- [GIVEN RECORDS]:
######

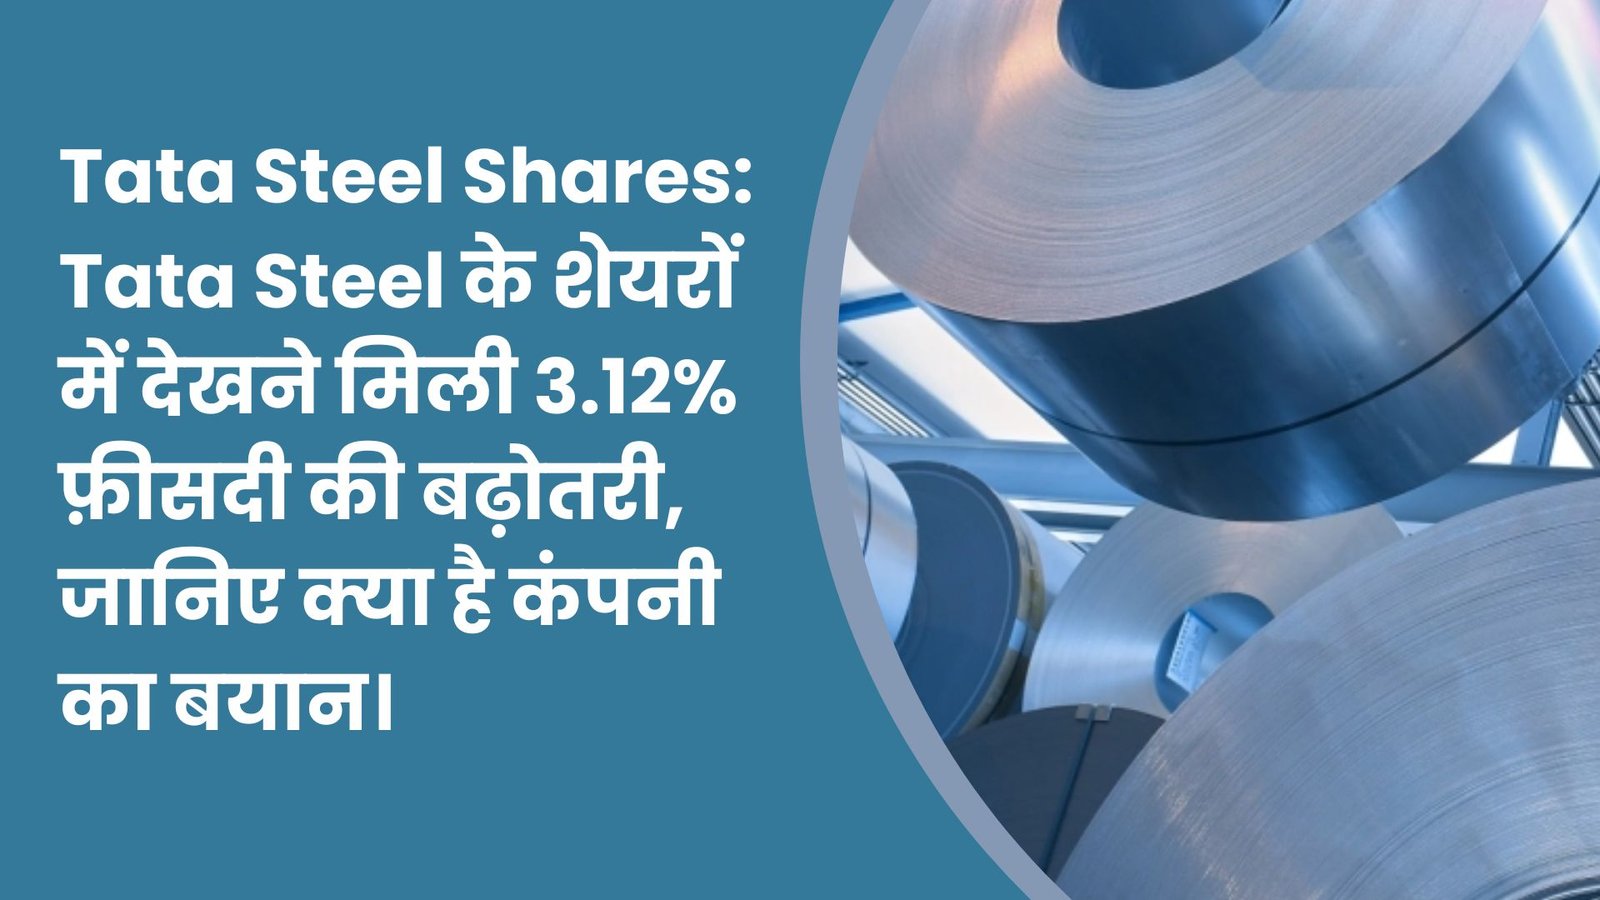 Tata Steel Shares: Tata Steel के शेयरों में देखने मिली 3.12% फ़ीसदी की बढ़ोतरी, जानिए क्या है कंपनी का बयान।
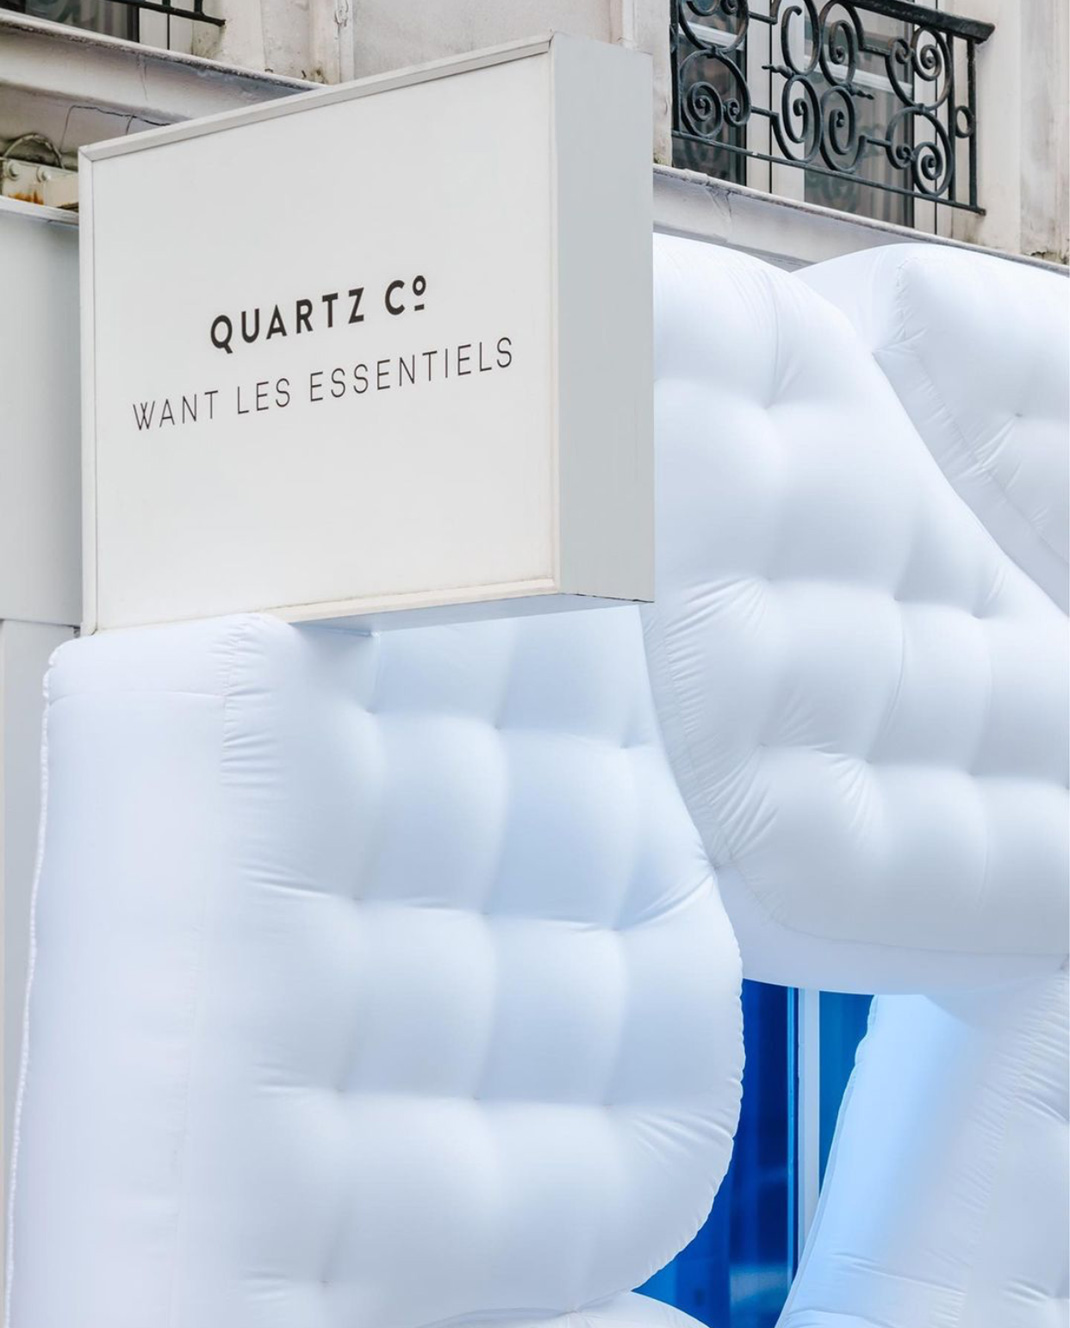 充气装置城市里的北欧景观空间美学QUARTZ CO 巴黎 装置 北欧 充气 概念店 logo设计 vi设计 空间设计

######

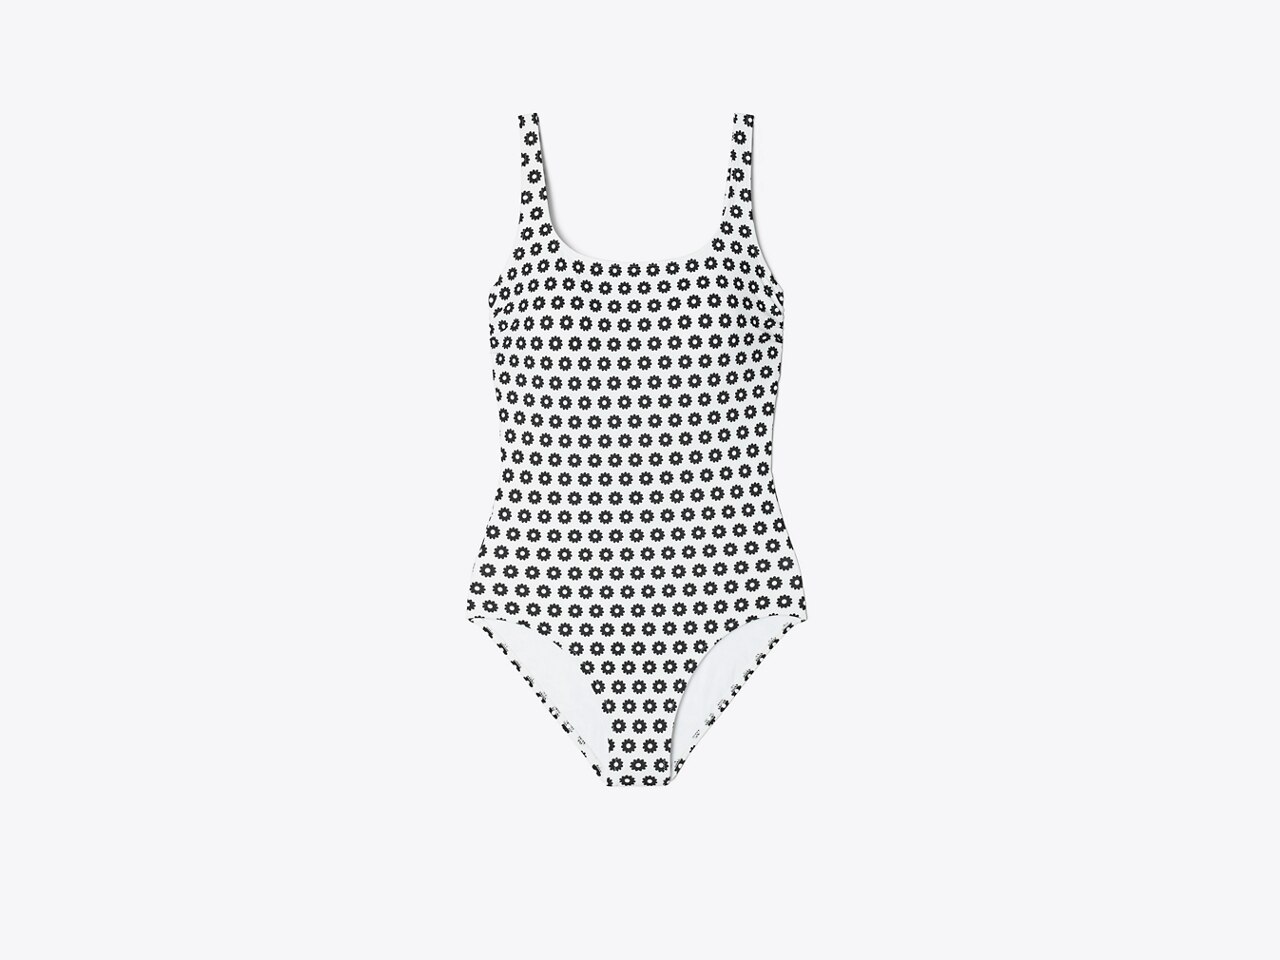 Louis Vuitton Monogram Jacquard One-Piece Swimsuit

######

- [WORK INSTRUCTIONS]: All lines above from the one containing "Tata Steel Shares: Tata" up to and including the one containing "充气装置城市里的北欧景观空间美学QUARTZ CO 巴黎" are to be set down exactly, and nothing else. Leave images out.

- [OUTPUT FOR THIS TASK]:
 Tata Steel Shares: Tata Steel के शेयरों में देखने मिली 3.12% फ़ीसदी की बढ़ोतरी, जानिए क्या है कंपनी का बयान।
 充气装置城市里的北欧景观空间美学QUARTZ CO 巴黎 装置 北欧 充气 概念店 logo设计 vi设计 空间设计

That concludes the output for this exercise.